How many days will I need to finish a book if I read more pages every day?

Question

Lets say a book has 300 pages and I read 10 pages a day + 5% more pages every day (10 x (1 + 0.05)). So the first day I read 10 pages, 2nd day I read 10.5, 3rd day I read 11,025 pages.. and so on. How many days will I need to finish a book of 300 pages?

Answer 1

On the first day you read $10$ pages. On the second day you're going read $10(1+0.05)=10\times1.05=10.5$ pages. On the third day you will read $10\times1.05^{2}=11.025$ pages.

So at the end of the third day you've read a total of $10\times(1+1.05+1.05^{2})=31.525$ pages.

You can see that on at the end of the $N^{th}$ day, the total pages read will be $10\times(1+1.05+1.05^{2}+...+1.05^{N-1}).$

Now $\sum_{k=0}^{n-1}ar^k=a\frac{1-r^{n}}{1-r}$ is the sum of the first $n$ terms of a geometric series.
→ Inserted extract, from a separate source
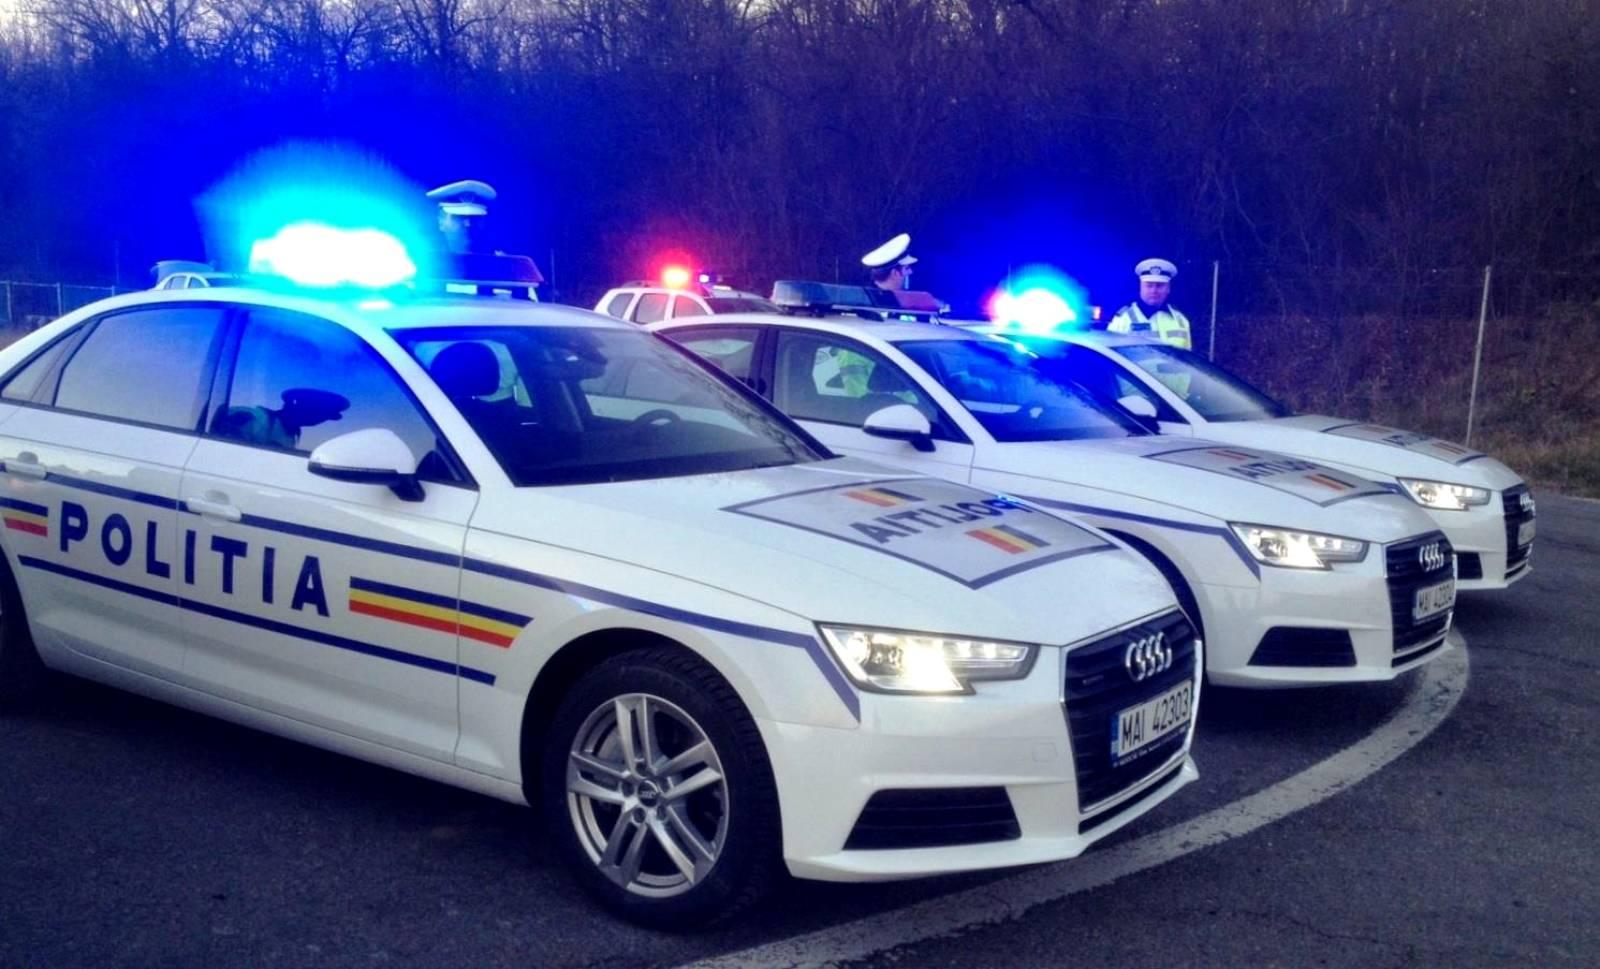 Politia Romana video urmarire

So using this information, on the $N^{th}$ day you will have read a total of

$$10\times(1+1.05+1.05^{2}+...+1.05^{N-1})=\sum_{k=0}^{N-1}10(1.05)^{k}=10\frac{1-(1.05)^N}{1-1.05}=200((1.05)^{N}-1) \space\space \text{pages}$$

You want to read $300$ pages, so solving $$200((1.05)^{N}-1)=300$$

$$(1.05)^{N}-1=1.5$$

$$N\ln(1.05)=\ln(2.5)$$

Thus $N=\frac{\ln(2.5)}{\ln(1.05)}=18.7802...$ So you need about $19$ days to finish a book of $300$ pages.